After careful study of the difficulties, the engineer called in one of the crack divers of Siebe, Gorman & Company to carry out his plan. It was found that the beech logs put in by the ancient builders at water-level were resting on 6 feet of clay, which in turn covered a depth of just over 8 feet of peat, this in turn resting on a bed of gravel. To save the cathedral it was essential to excavate all the clay and peat down to the gravel, and replace it with concrete up to the foundations of the building.

The walls of the cathedral, properly supported, were treated in small sections of about 5 feet. The clay was dug out, then the diver entered the hole and, working in absolute darkness, removed the peat down to the level of the gravel. Bags of dry concrete were lowered to him and packed in tightly, a layer at a time, the diver splitting them open and spreading the contents evenly. In this way the hole was completely filled. The water soon turned the concrete into a rock-like mass, upon which the masons were able to build solidly right up to the foundations, from which the beech trees were carefully removed. Nothing like it was ever attempted before, so Winchester can boast that its cathedral is the only one in the world that has been given a solid foundation by a diver.

Just as the torpedoing of the Lusitania by the Germans stirred the whole world, so the sinking of the American flagship Maine in Havana harbour on February 18, 1898, stirred the people of the United States and led to the war with Spain. A giant explosion in the middle of the night carried the American battleship to the bottom with 266 officers and men, and it was asserted that the Spaniards had deliberately blown her up. The result was a war in which Spain lost Cuba and the Philippines.

Long years afterwards, in 1910, Congress voted a sum of £60,000 and the work of investigating the wrecked battleship was put in hand. Tackling their task in a most masterly manner, the engineers decided to enclose the whole wreck in one huge coffer-dam built of steel piles driven down through the mud until they were embedded 13 feet in the solid clay. As the wreck lay in 37 feet of water, with 20 feet of mud below that, the piles would emerge 5 feet above the surface of the sea, providing a wall too high for the water to wash over.

Knowing full well that they would find it difficult to create a plain circle of piles round the ship to withstand the pressure of the sea, the engineers decided to build what really amounted to a series of gigantic barrels, standing on end in the sea with their sides touching. These barrels, twenty-two in number, varied between 40 feet and 50 feet across. The staves of the barrels were formed by the steel piles which were made to interlock as they were driven in side by side, and where the barrels, or caissions, touched, further piles were driven to enclose the space and strengthen the junction.

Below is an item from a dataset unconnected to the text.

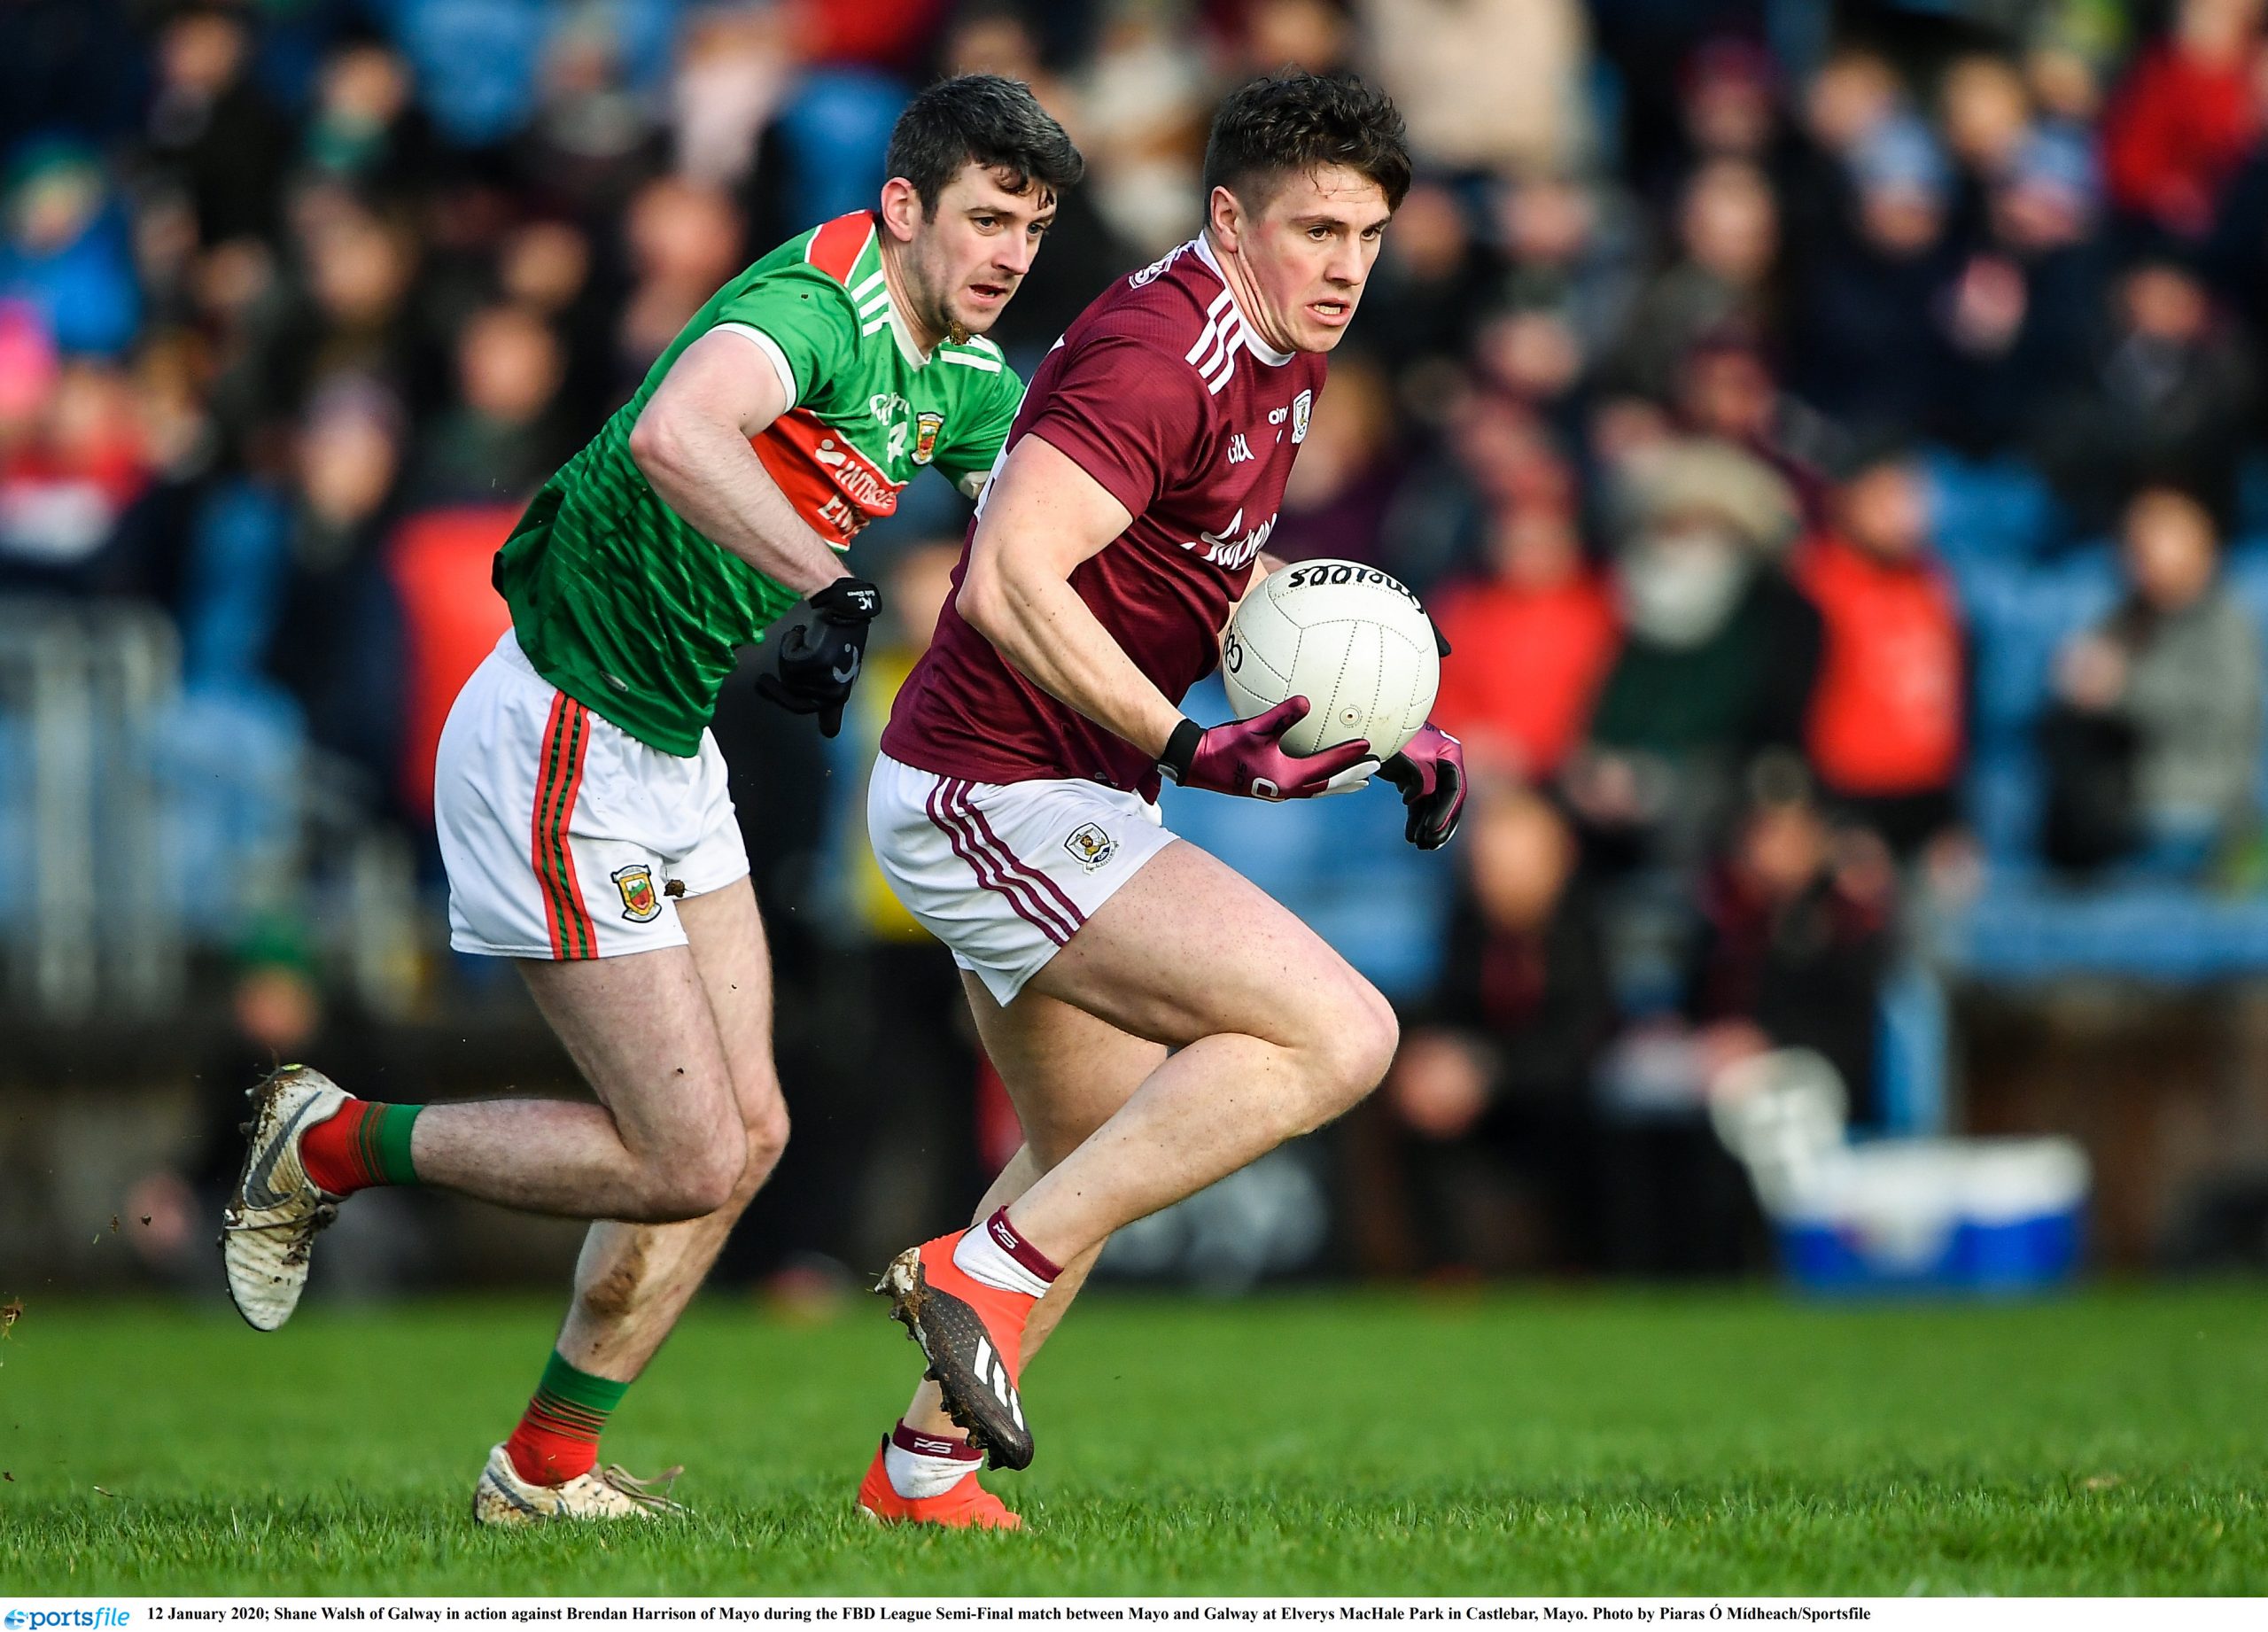 Penalty Drama in Castlebar as Galway Edge out Mayo in FBD Thriller

For months the hammer-blows of the pile drivers resounded over the harbour, and at last the coffer-dam—a most marvellous piece of work—was finished and filled with dredged clay. Within a year the salvage operations were completed at a cost of £135,000. The experts watched with keen eyes as the pumps lowered the water within the coffer-dam and the wreck slowly emerged from the slime. There the battleship lay, a twisted mass of metal, and, before patching up the afterpart and taking it out on March 16, 1912, to bury in the broad Atlantic, the specialists held their inquest, striving to discover whether the explosion that sank her was caused from inside or outside.

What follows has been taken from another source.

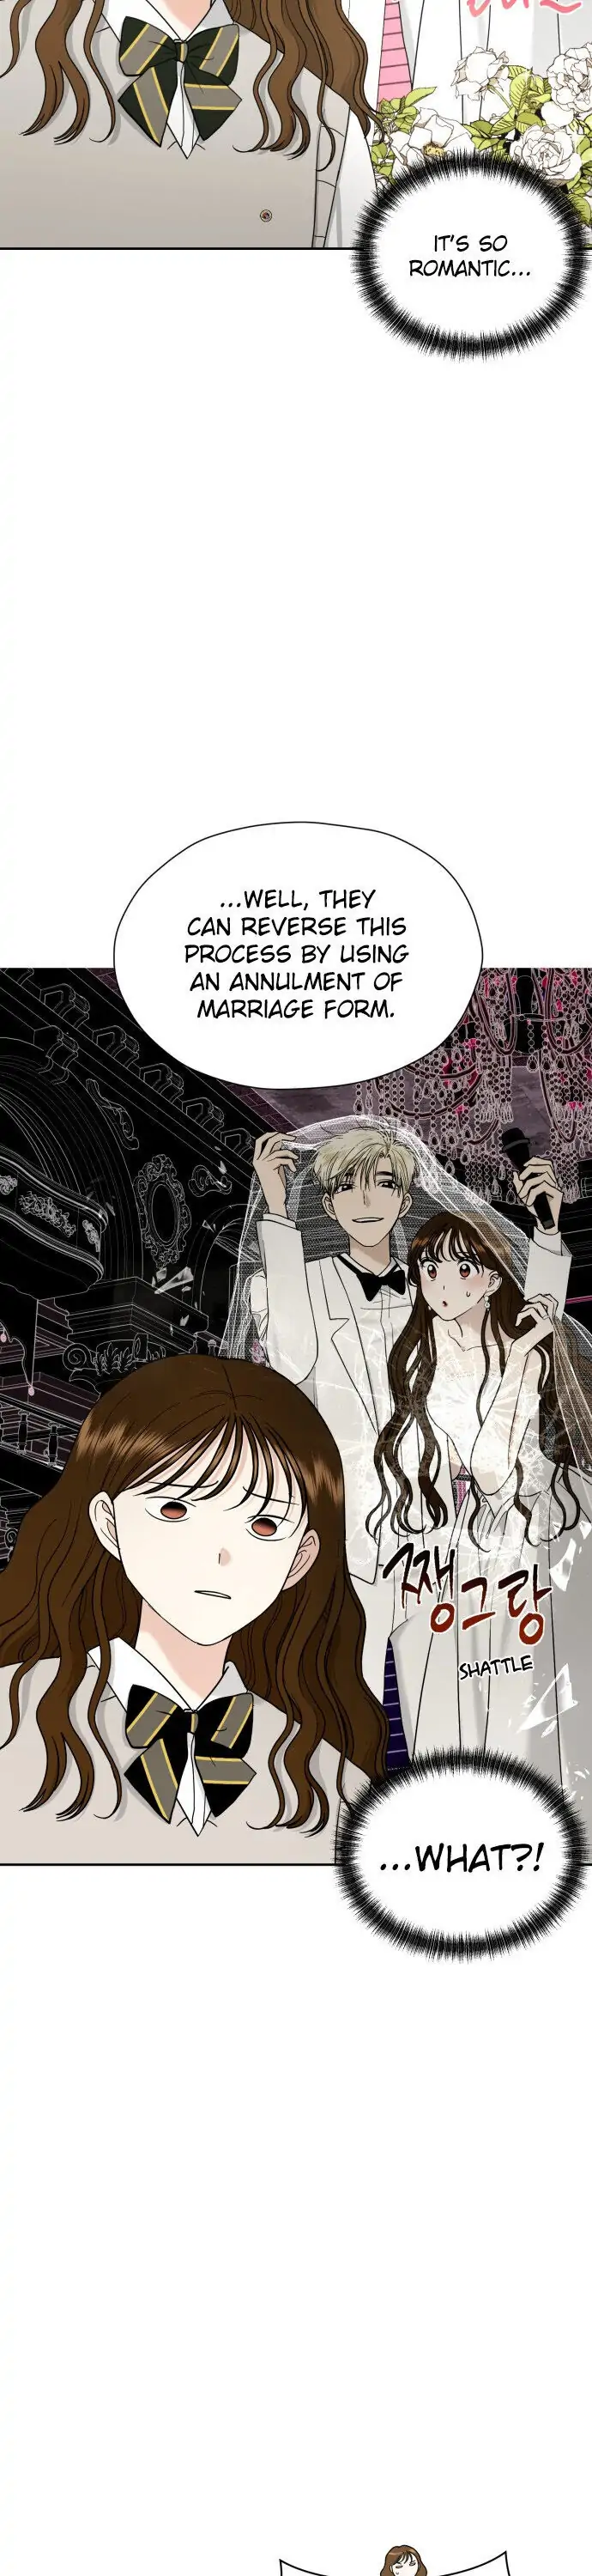 Wedding Delusion chapter 24

Such a thing after a ship has been at the bottom for over twelve years is almost impossible to determine. It was said that the explosion came from outside, but the doubt will always exist that the Spanish American War may have been due to a grave error on the part of America, and that the Maine instead of being blown up by the Spaniards, was destroyed by the spontaneous combustion of the explosives in her magazines, just as French, Japanese and British warships have been destroyed in the same accidental manner.